Prices are approximate and may vary by region and availability. Check Lambda Labs dashboard for current pricing.


Single GPU Instances

A10 (24 GB) - Budget Option

Type: gpu_1x_a10
GPU: 1x NVIDIA A10
VRAM: 24 GB
Price: ~$0.60/hr

Best For: - Small models (7-8B parameters) - Quantized 32B models (INT4) - Development and testing - Cost-conscious workloads

Compatible Models: - ✅ Llama 3.1 8B (FP16) - ✅ Mistral 7B (FP16) - ✅ Qwen 2.5 Coder 32B (INT4)

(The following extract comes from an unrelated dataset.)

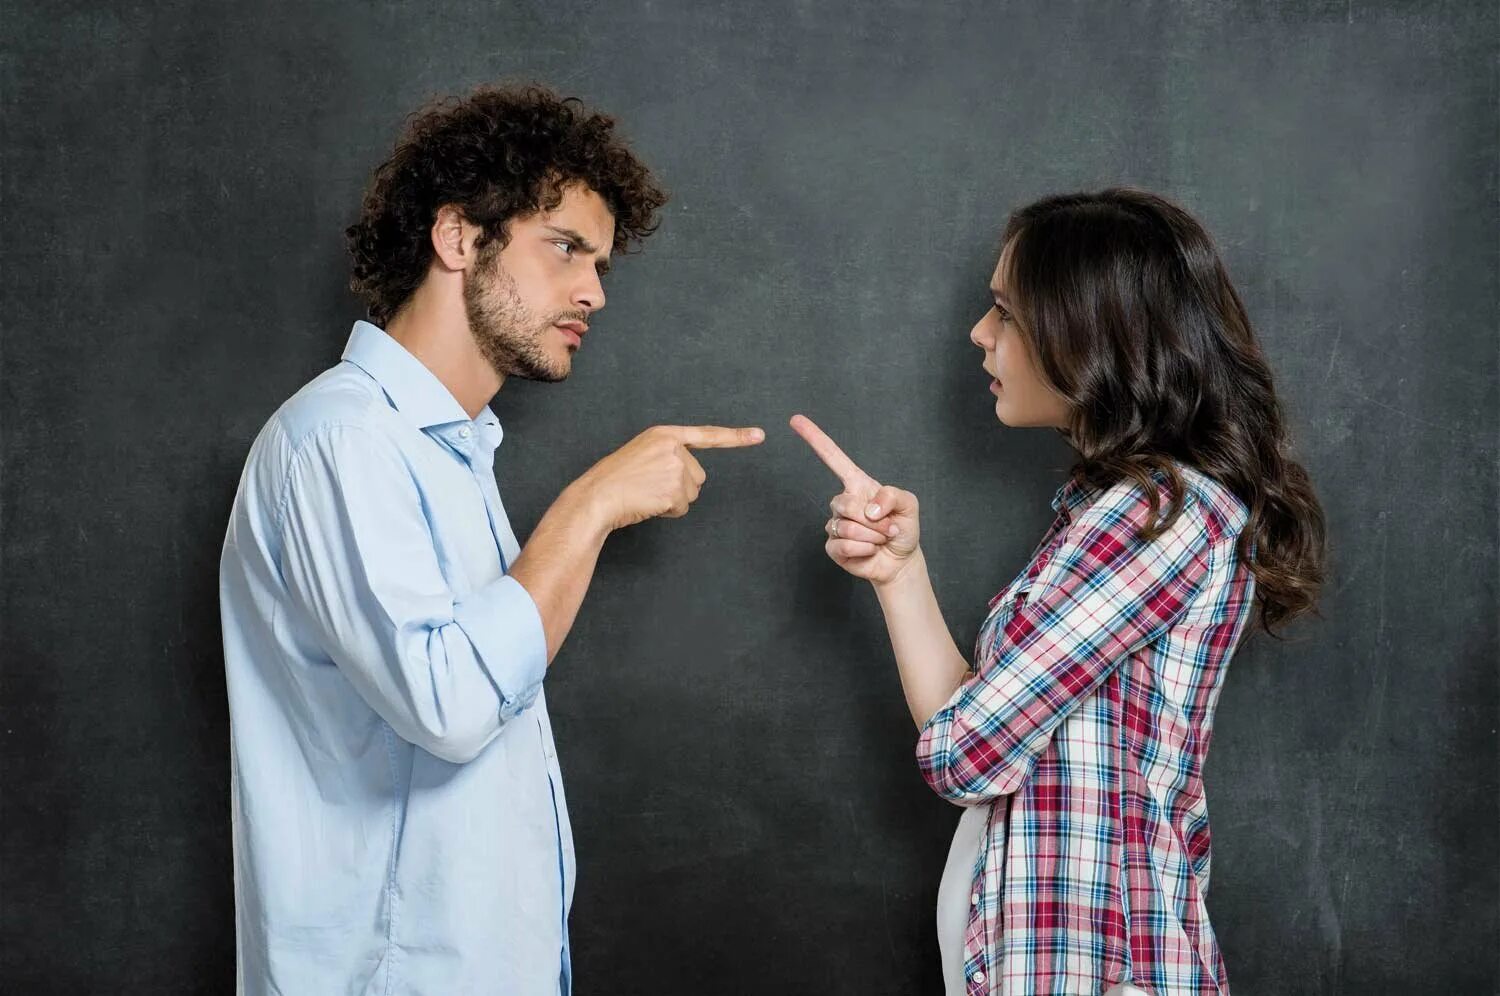 Проблема эмоция ситуация. Конфликт. Люди спорят. Мужчина и женщина спорят. Спор между мужчиной и женщиной.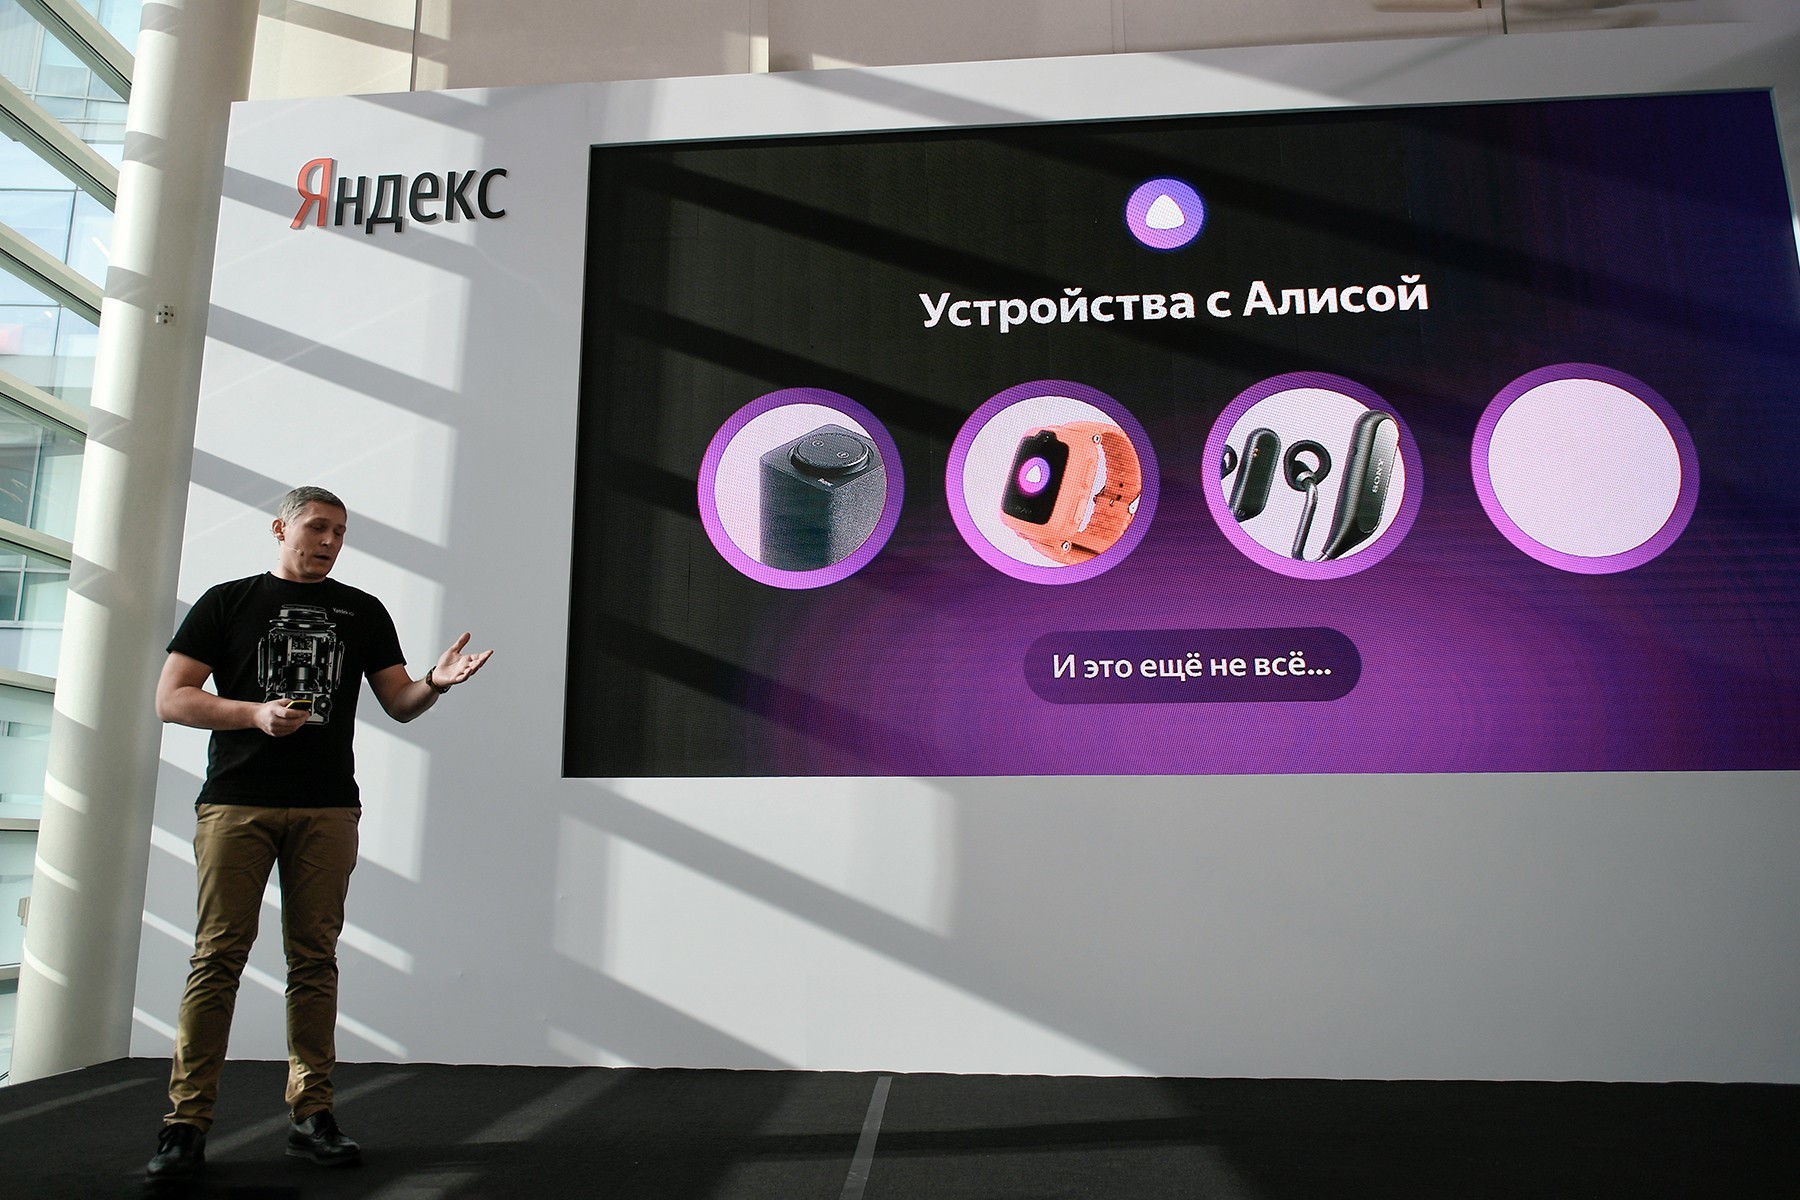 Yandexov direktor eksperimentalnih produktov Konstantin Kruglov predstavlja nove storitve in nadgradnje iskalnika.

Regions: Usually good availability in us-west-1, us-east-1


A6000 / RTX 6000 Ada (48 GB) - Mid-Range

Type: gpu_1x_a6000 or gpu_1x_rtx6000
GPU: 1x NVIDIA A6000 or RTX 6000 Ada
VRAM: 48 GB
Price: ~$0.80/hr

Best For: - Medium models (30-70B INT4) - Small multi-GPU experiments - Professional workstation workloads

Compatible Models: - ✅ DeepSeek-R1 70B (INT4) - ✅ Llama 3.1 70B (INT4) - ✅ All smaller models

Regions: Limited availability, check soong available


A100 40 GB - Standard Data Center

Type: gpu_1x_a100 or gpu_1x_a100_sxm4
GPU: 1x NVIDIA A100 (PCIe or SXM4)
VRAM: 40 GB
Price: ~$1.10/hr

Best For: - 70B models with tight VRAM (INT4) - Production inference - Training small models

Compatible Models: - ✅ DeepSeek-R1 70B (INT4) - ✅ Llama 3.1 70B (INT4) - ⚠️ Qwen 2.5 Coder 32B (FP16) - tight fit

Notes: - SXM4 has faster interconnect (useful for multi-GPU) - PCIe version has slightly lower bandwidth


Type: gpu_1x_a100_sxm4_80gb
GPU: 1x NVIDIA A100 SXM4
VRAM: 80 GB
Price: ~$1.29/hr

Best For: - All 70B models (FP16 and INT4) - 32B models at full precision (FP16) - Most flexible option - Default for soong

Compatible Models: - ✅ All models in registry - ✅ Qwen 2.5 Coder 32B (FP16) - recommended - ✅ DeepSeek-R1 70B (INT4) - ✅ Code Llama 34B (FP16)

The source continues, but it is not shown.